# AI's:  You may as well be studying string theory via google.



## jmorrison (Aug 24, 2010)

Doh!  Meant to type "AI's" but thats not what came out, and now cannot seem to figure out how to edit my thread title.  See carb induced stupidity below.

So I am a fairly intelligent guy.  I love to read, and when I find myself pondering the answer to one of lifes big questions, I do what any God-fearing red-blooded american would do, and I google my ass off and educate myself.

So I am (was) ordering an AI tonight to go with my cycle.  I was just gonna hop on over to CEM or Unity and order it, but thought I would confirm my ideas with some research.

After spending several hours reading about Letro/Aromasin/Adex I am now more confused than a monkey with a calculator.  I am also low-carbing right now, and that adds to my stupidity immensely.  

I understand that Letro is the strongest, Adex the weakest, and that you do not want to shut down your estrogen production completely, and that you want to run the smallest dose you can get away with.

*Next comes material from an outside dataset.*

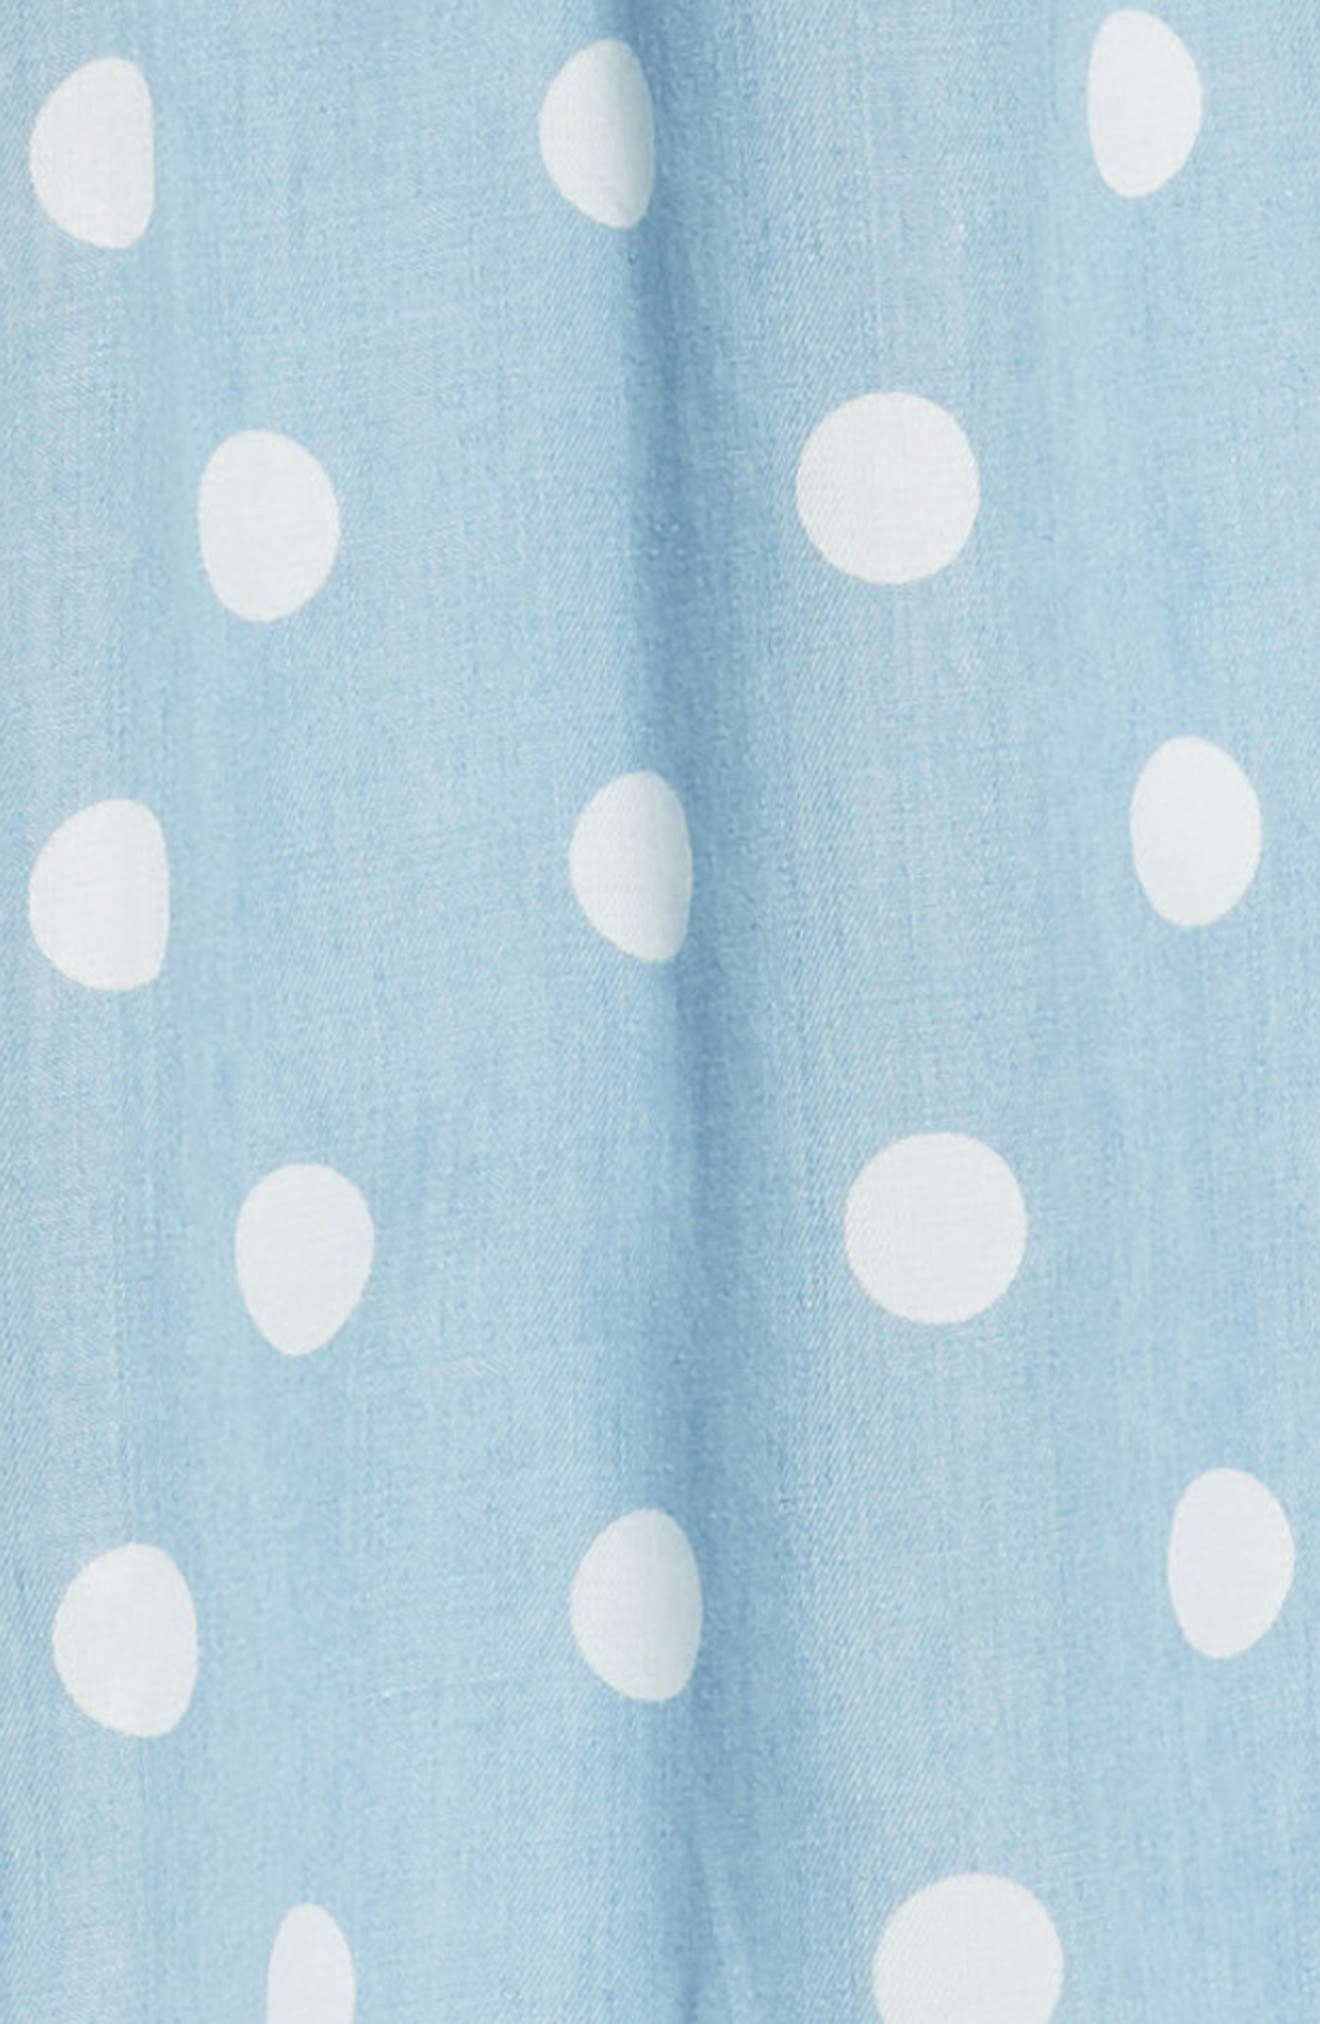 Polka Dot Ruffle Dress,                             Alternate thumbnail 3, color,                             Blue Wash Dot Print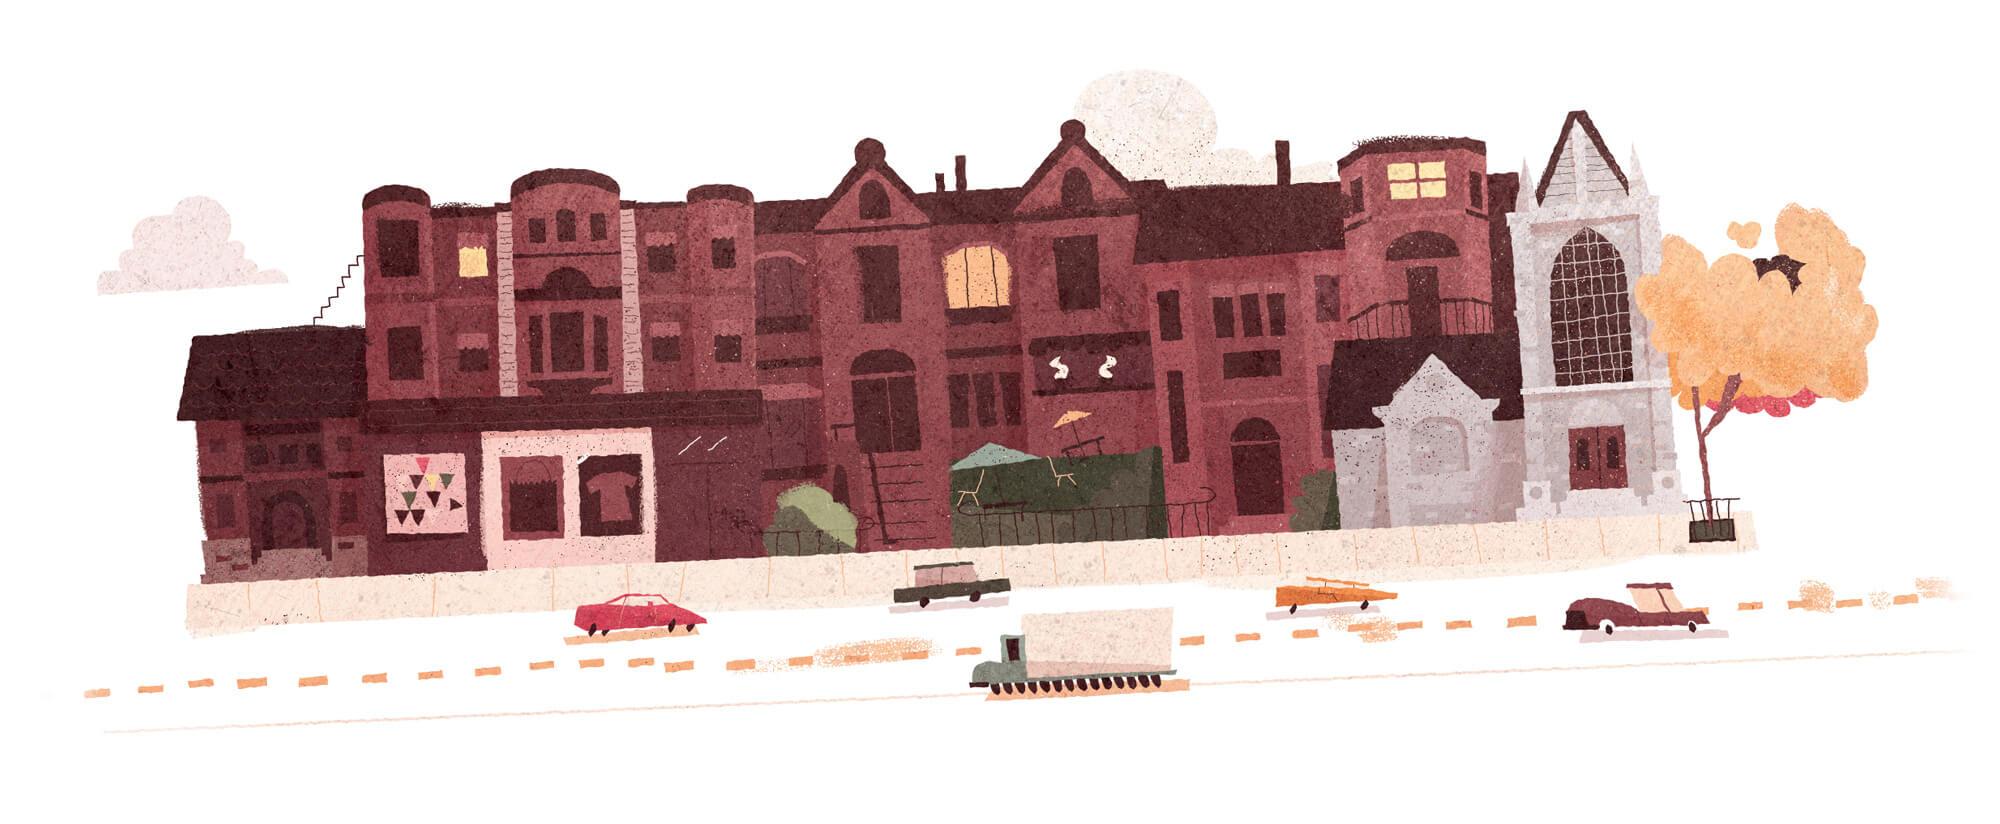 Uber-Kirk.Wallace-icons-newbury.street.jpg

That said, what I am really looking for here honestly is some spoonfeeding.  I am going on a 15 week cycle of Genxxl's Ten6Hundred blend, which is per ML:

200mg Test C
200mg Deca
200mg EQ

It will be a fairly high dosage at 1800mg per week.

I was planning on just getting some Adex to help control bloat, and running it throughout, but then people started telling me Aromasin.  So I look into Aromasin, and the recommended dosages are literally everywhere from 10mg x2/week, all the way to 25mg ED.  I mean I understand that everyones dosage will be a little different but FACK!?  Also, the Aromasin is twice the price of the Adex.  While I dont mind spending a little money, I dont want to drop my money on something that truly isnt neccessary.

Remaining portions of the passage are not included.